Итак, после своего последнего присутствия в Академической канцелярии Ломоносов 1 марта посетил гимназию, присмотреть, как устроился его племянник. Тогда же, в начале марта, он получил письмо от обер‑секретаря Адмиралтейской коллегии с сообщением, что в Колу для экспедиции В. Я. Чичагова решено послать модель какого‑то особенного «вентилатора». Прямо на письме Ломоносов написал, что затеянное надо перенести на следующий год, ибо изготовить модель быстро не удастся, и еще вопрос, будет ли от нее толк. Наконец, 4 марта он в самый последний раз отлучился из дома — в Адмиралтейскую коллегию на окончательное утверждение его «Примерной инструкции морским командующим офицерам, отправляющимся к поисканию пути на Восток северным Сибирским океаном». В тот же день он заболел и слег. «Лом в ногах» усугубился простудой.

Жить оставалось ровно месяц. Миша Головин готовился к очередным урокам, Чичагов с «морскими командующими офицерами» снаряжался в намеченный поход, Красильников и Попов собирались начать обучение штурманов и подштурманов, Миллер думал о предстоящем отъезде в Москву, Тауберт, как всегда, ждал новых ломоносовских обвинений, а сам Ломоносов… Он готовился к тому, чтобы опрятно и достойно исполнить свои последние обязанности. Примерно после 7 марта он начал диктовать прошение в Сенат, в котором предлагал передать «мозаичное дело» своему шурину Ивану Андреевичу Цильху и мастеру‑мозаичисту Матвею Васильевичу Васильеву: «Ежели Божескою судьбою от настоящей болезни жизнь моя пресечется, то приношу оному высокому Сенату всенижайшее прошение о нижеследующем…»

Жизнь пресеклась 4 апреля. В пятом часу пополудни он попрощался с женой, дочерью и другими людьми, случившимися на ту пору рядом с ним. В пять часов его не стало.

Когда во дворце известились о смерти Ломоносова, десятилетний наследник, будущий император Павел I сказал:

«Что о дураке жалеть, казну только разоряя и ничего не сделал».

Через четыре дня «при огромном стечении народа» (как писал Тауберт в Москву Миллеру) Ломоносова хоронили на Лазаревском кладбище Александро‑Невской лавры. Шедший в траурной процессии рядом со Штелином Сумароков бросил: «Угомонился дурак и не может более шуметь!» На что услышал от соседа: «Не советовал бы я вам сказать ему это при жизни».

 

 

Немногим более чем за год до смерти, в январе 1764 года, Ломоносов, готовясь к избранию в Болонскую Академию наук, составил «Роспись сочинениям и другим трудам», в которой указал свои важнейшие работы в химии, металлургии и рудном деле, физике, поэзии, словесных науках, истории. Здесь представлены все ломоносовские произведения, которые впоследствии будут названы классическими в каждой из перечисленных областей. Достойно замечания, что в этом списке упомянуты (как завершенные) некоторые сочинения, след которых пропал и до сих пор не отыскан. В предыдущих главах говорилось, что Ломоносов в основном закончил вторую часть «Краткого руководства к красноречию» (он сам свидетельствовал, что в 1752 году «Оратории, второй части „Красноречия“, сочинил 10 листов»), но и эту рукопись ни один исследователь пока не держал в руках. Так вот, кроме нее, следует искать автографы или списки еще как минимум пяти трудов Ломоносова, названных в «Росписи».

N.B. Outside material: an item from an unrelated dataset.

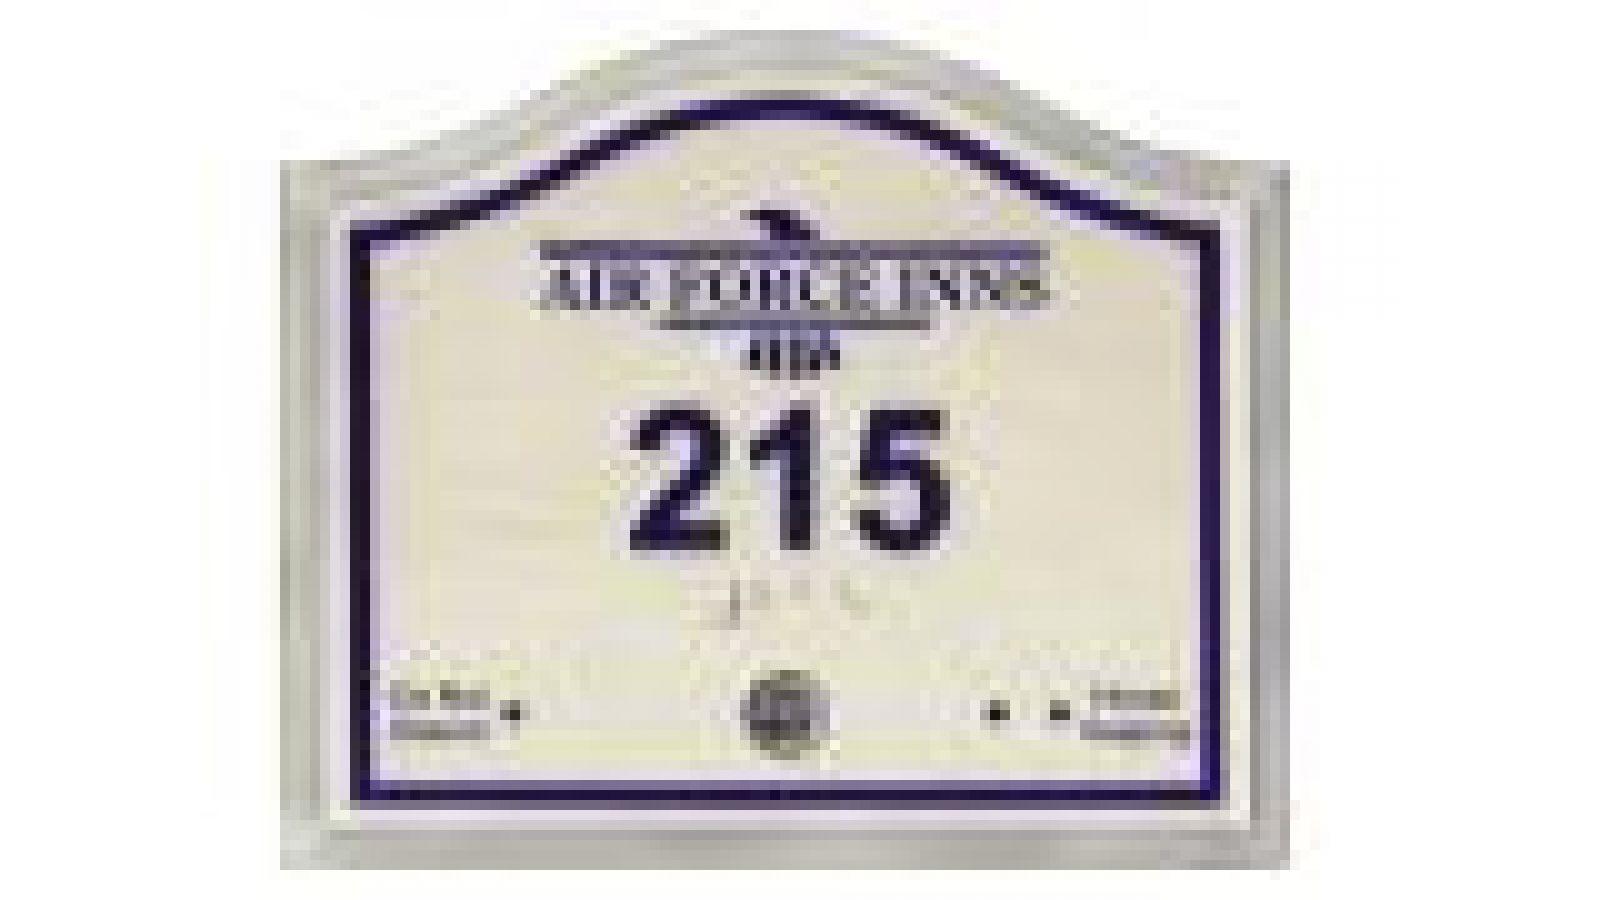 sl_airforce
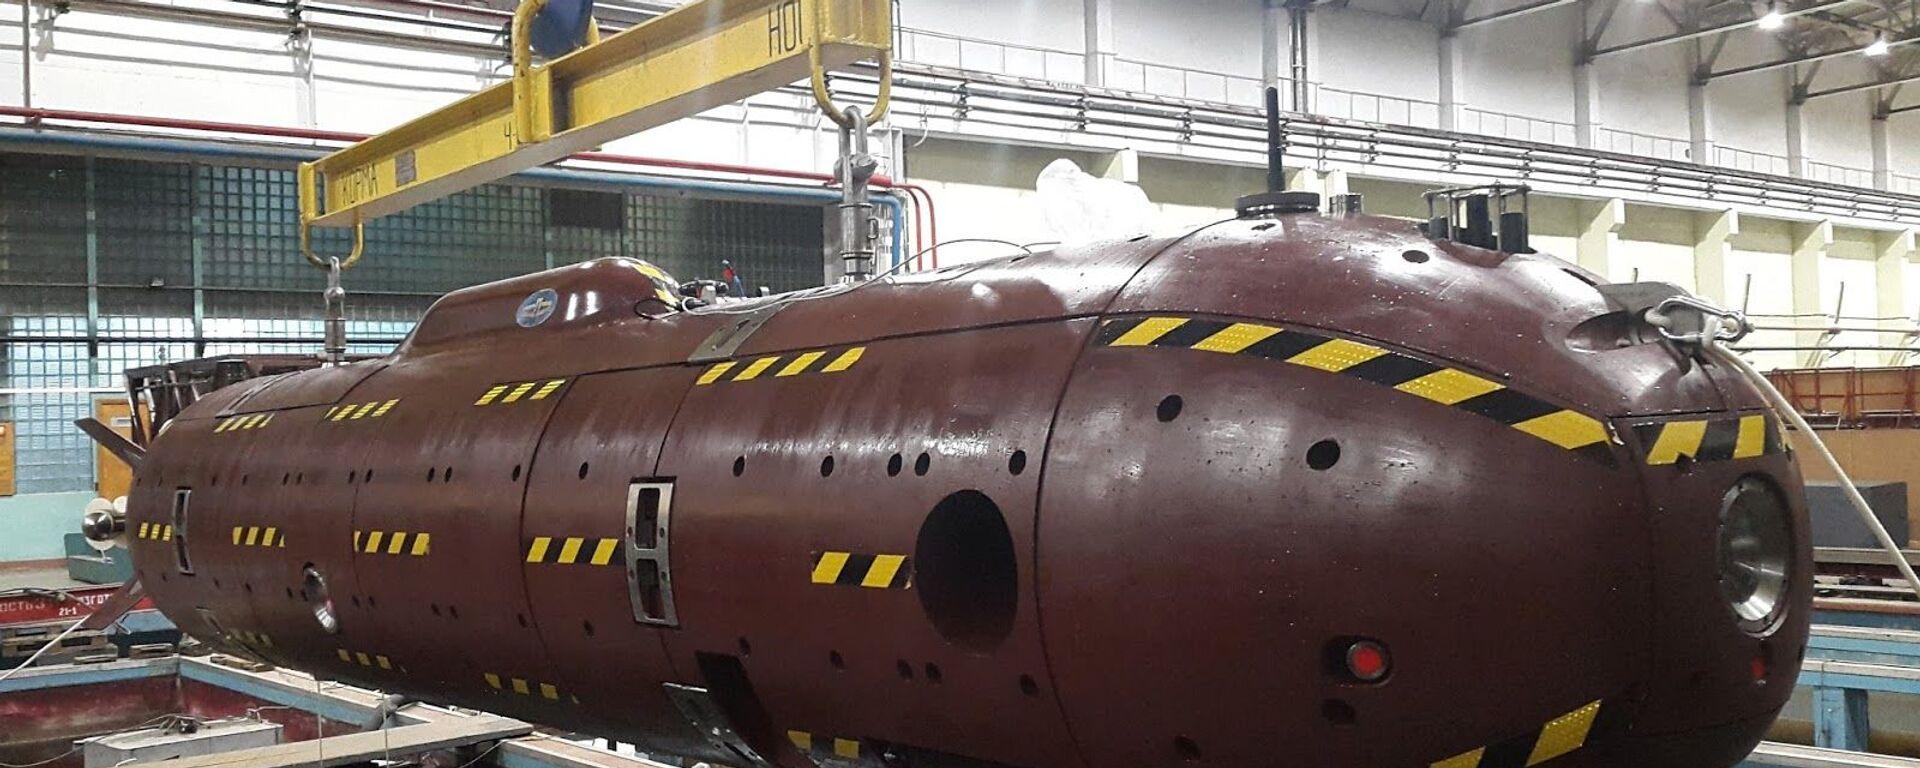 Niezamieszkany okręt podwodny Klawesyn-2P-PM - Sputnik Polska, 1920, 12.09.2021

Это прежде всего «Рифмология российская», о которой не только здесь, но и в отчете за 1759 год говорится одной и той же фразой: «Собрал великую часть рифмологии российской». Затем — это «Лексикон первообразных слов российских», то есть словарь древнейшей исконно русской лексики, который также был составлен. Далее Ломоносов свидетельствует, что он «собрал лучшие российские пословицы» и, кроме того, написал «Рассуждение о разделениях и сходствах языков» (зная их более десятка, он уже перед самой смертью принялся за арабский). Где все это?

После смерти Ломоносова его бумаги оказались у екатерининского фаворита Г. Г. Орлова. Верхи понимали, что архив такого человека, как Ломоносов, представляет не только приватный и научный, но и государственный интерес. «На другой день после его смерти, — писал Тауберт Миллеру, — граф Орлов велел приложить печати к его кабинету. Без сомнения, в нем должны находиться бумаги, которые не желают выпустить в чужие руки». Потом, когда умер и сам Г. Г. Орлов, значительная часть ломоносовских бумаг осталась в Петербурге. Петербургская часть архива перешла от ломоносовской внучки Екатерины Алексеевны Константиновой к ее племяннице Екатерине Николаевне Раевской, которая разобрала их, разделила на два тома (в каждом более 400 листов) и переплела в темно‑зеленую кожу. Потом оба эти тома с надписью на корешках «Портфель Ломоносова» достались ее внучке Елизавете Николаевне Орловой, которая в 1926 году передала их Академии наук через академика В. И. Вернадского, возглавлявшего в то время академическую Комиссию по истории знаний, незадолго до того созданную и начавшую подготовку к печати сочинений Ломоносова. Часть архива была куплена в 1827 году литератором П. П. Свиньиным. Это собрание, получившее впоследствии название «Свиньинский сборник», включало в себя около 400 листов естественнонаучных работ.

Извлечения из «Портфеля Ломоносова» Е. Н. Раевской и из «Свиньинского сборника» начали публиковаться уже в XIX веке. Тогда же стали известны ломоносовские материалы из воронцовского и шуваловского архивов (правда, И. И. Шувалов еще в 1783 году успел сам передать издателям академического собрания сочинений Ломоносова полтора десятка ломоносовских писем к нему). Огромное число текстов Ломоносова из разных источников было опубликовано в XIX веке академиками П. С. Билярским, А. А. Куником, В. И. Ламанским, П. П. Пекарским, а в XX веке профессором Б. Н. Меншуткиным.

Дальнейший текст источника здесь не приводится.